# Strawberry & Blueberry Filled Crepes.



## Two Knots (Nov 12, 2011)

Full Crepe Recipe


----------



## wooleybooger (Feb 23, 2019)

Funny you should mention ricotta. We had air fryer baked potatoes last night but only enough sour cream for 1, wife had that. I used ricotta on my potato. It was surprisingly very good like that, better that sour cream I thought. Just butter, ricotta and S&P.


----------



## Old Thomas (Nov 28, 2019)

Those look good.


----------



## Two Knots (Nov 12, 2011)

Old Thomas said:


> Those look good.


“Tommy Likes It! “


----------



## Old Thomas (Nov 28, 2019)

Yea. I am picky about food and those pass the test.


----------



## de-nagorg (Feb 23, 2014)

Old Thomas said:


> Yea.
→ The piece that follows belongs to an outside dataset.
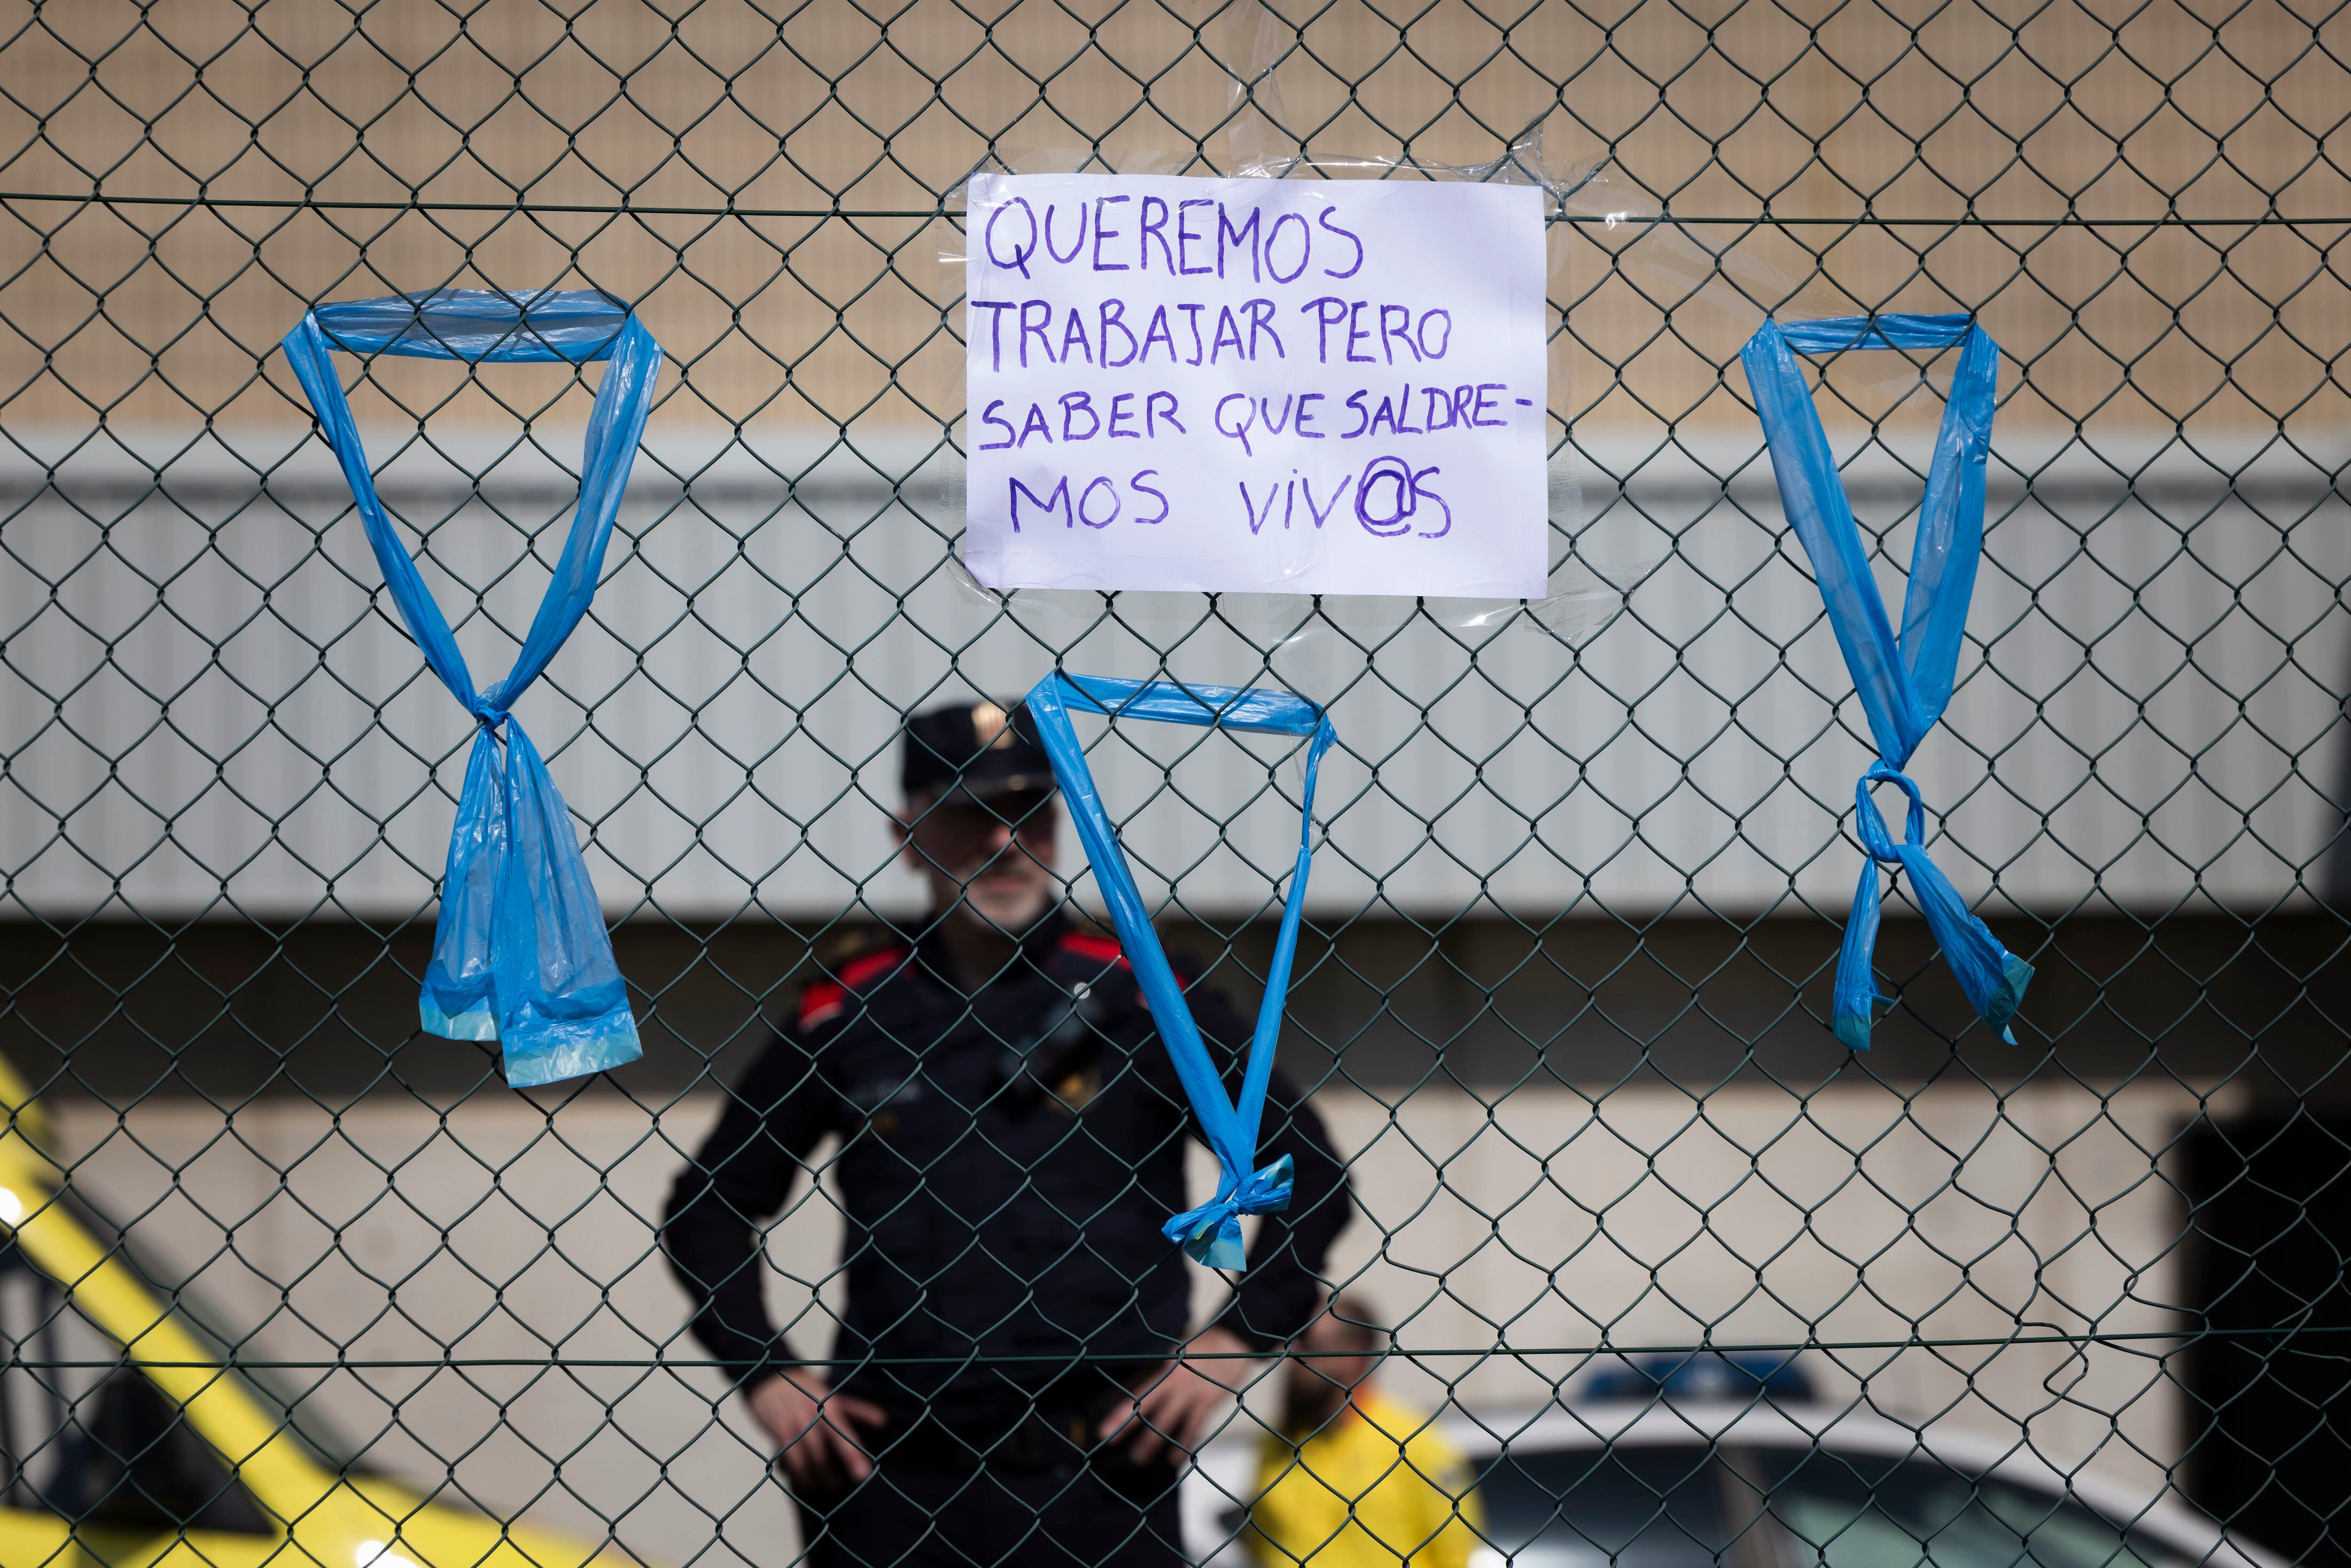 Lazos colgados en una valla durante la protesta de funcionarios de prisiones frente a la cárcel de Quatre Camins, este lunes.

I am picky about food and those pass the test.


Me too, but I like see food.

I see food, I eat it, NYUK-NYUK. 

ED


----------



## Two Knots (Nov 12, 2011)

Old Thomas said:


> Yea. I am picky about food and those pass the test.


How about cheese blintze? Next I’m going to try cheese blintzes made with cottage cheese and cream cheese mixed together. Sour cream on the side.


----------



## wooleybooger (Feb 23, 2019)

Two Knots said:


> How about cheese blintze? Next I’m going to try cheese blintzes made with cottage cheese and cream cheese mixed together. Sour cream on the side.


Something like this?








How to Make Cheese Blintzes


This thin cheese blintz recipe is made with a sweetened ricotta cheese filling and is delightful for breakfast or dessert.




www.thespruceeats.com


----------



## Two Knots (Nov 12, 2011)

Wooley, that recipe is nuts…It says one cup of butter for frying??? When I make my crepes
I just use a smidgen of butter every few crapes.
I saw the ricotta ones, but I want to make it with cottage cheese and add some cream cheese to it. Cottage cheese is in my shopping list.


----------



## wooleybooger (Feb 23, 2019)

Actually is says in the directions put in a pat of butter in a 7" pan. (step 4), cook a blintz, repeat with additional pats of butter. (step 9) Read the pictures.


----------



## Two Knots (Nov 12, 2011)

It says use 1 cup of butter for frying…one pat of butter for each crape amounts to one cup
of butter…I probably use less than 2 pats of butter to make 19 crapes in a iron skillet.


----------



## wooleybooger (Feb 23, 2019)

Some folks just like butter I guess. If I were making them I'd use butter as needed. I was just throwing that recipe out to see if I understood what you were trying to accomplish not to suggest it.


----------



## Two Knots (Nov 12, 2011)

I know…


----------



## de-nagorg (Feb 23, 2014)

wooleybooger said:


> *Some folks just like butter* I guess. If I were making them I'd use butter as needed. I was just throwing that recipe out to see if I understood what you were trying to accomplish not to suggest it.


 That is true.

My Grandmother put a full stick 1/4 pound in every vegetable that she cooked as a side dish.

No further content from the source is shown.